Movianto quickly secured a high court injunction in March 2019 to ensure continued access to the warehouse.

The new warehouse was finally completed in July 2019 and acccording to a government source, the transfer of the UK’s emergency PPE supplies to the new warehouse was completed by the end of August 2019.

Morley’s company, Industrial North West, was forced into administration as it “failed to comply” with the conditions of a £61m loan facility. In October 2019 Warrington council bought the warehouse for £45m.

US company sells Movianto to French family firm

In early April 2020, the US health company Owens & Minor Inc sold its subsidiary Movianto UK for $133m (£107m). This was shortly after the UK government had instructed Movianto to start mobilising the PPE supply.

With the sale of Movianto, custody of the UK’s PPE emergency stockpile passed to EHDH in France – the company which bought Movianto UK. After the completion of the merger of EHDH and Movianto in June 2020, the company was renamed the Walden group. The merger makes the company

“the European leader in transport and logistics services for the pharmaceutical sector”.

Privatised NHS Supply Chain falls to pieces

Amid all this chaos, towards the end of April 2020 the Health Service Journal reported that an NHS regional procurement lead likened the PPE procurement landscape to the “Wild West”, in which some people were acting like “international arms dealers”.

It added,

“The NHS Supply Chain usually runs PPE procurement and distribution, but the process is being managed by the government in cooperation with the military and NHSE/I.”

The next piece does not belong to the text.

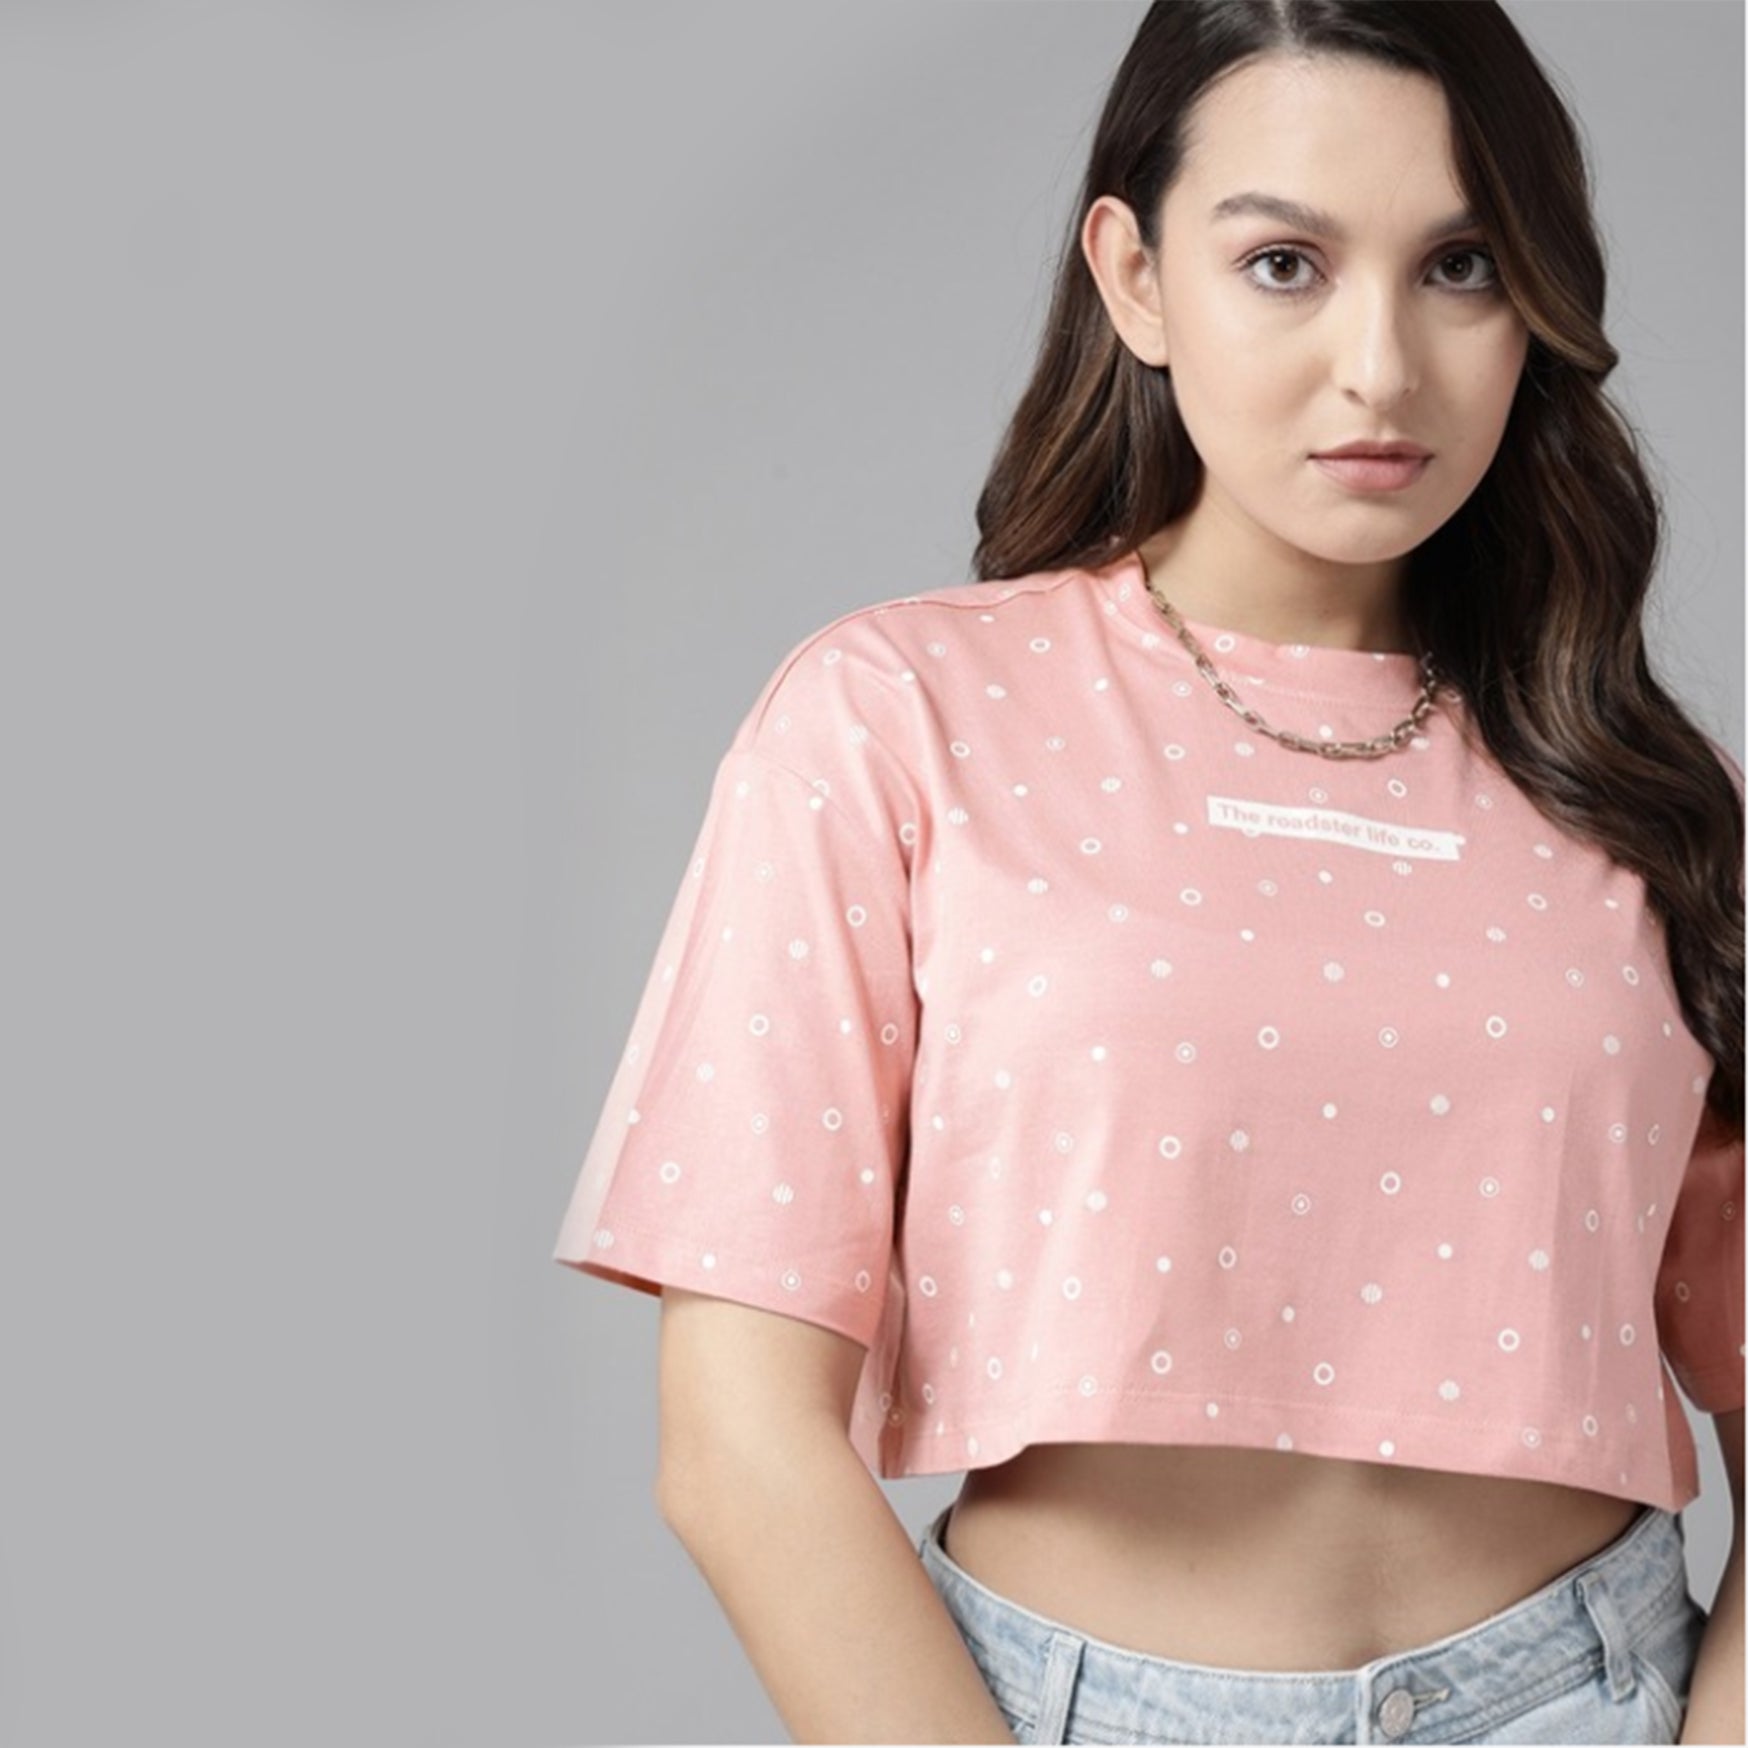 The Lifestyle Co. Brand Logo Printed Pure Cotton Boxy Super Crop T-shirt

Update 12.1.2022 The High Court has ruled today that the Government PPE ‘VIP’ lane for politically connected suppliers was ‘unlawful’

The High Court ruling (Background facts: The PPE Cell) explains that once the Covid-19 pandemic hit, and the need for PPE soared, the Cabinet Office activated an emergency section of the 2015 Public Contracts Regulations, in order to suspend the requirement for open competitive tendering of PPE contracts. It did this on 18 March 2020, with the publication of Procurement Policy Note – Responding to COVID-19: Information Note PPC 01/20.

The Department of Health and Social Care then decided to establish a parallel PPE supply chain to the NHS Supply Chain. Over the weekend of 20 and 21 March 2020 it created the “PPE Cell” formed from NHS, industry and the armed forces. Volunteers joined from various government departments and consultants were brought in from outside.

At first referrals for suppliers went through a “portal” but as senior officials were making a large number of referrals outside the official portal, in late March the Department of Health and Social Care set up a High Priority/VIP Lane to assess the viability of referrals from MPs, ministers and senior officials including those in the NHS. These referrals were occurring because many would-be suppliers were contacting their MPs, Ministers or senior officials.

On 12 January 2022, the High Court found that the Government PPE ‘VIP’ lane for politically connected suppliers was ‘unlawful’ .

The Court found the Government allocated offers to the VIP lane on a “flawed basis” and did not properly prioritise bids: 

“there is evidence that opportunities were treated as high priority even where there were no objectively justifiable grounds for expediting the offer.”

The government must bring the NHS Supply Chain back into public ownership.

In September 2020, the Health Service Journal reported that the Chief Exec of the NHS Supply Chain had resigned.


  1. Come back properly assessed pre-qualification processes, all is forgiven!
    Motivation by succumbing to Easy-Life-Syndrome or taking a reward, whether via the revolving door or not, simply do not work in HMG nor public interests.


  2. Thank you for this important record.Will we ever be able to discover the true figures of costs to the taxpayer and actually hold those responsible to account?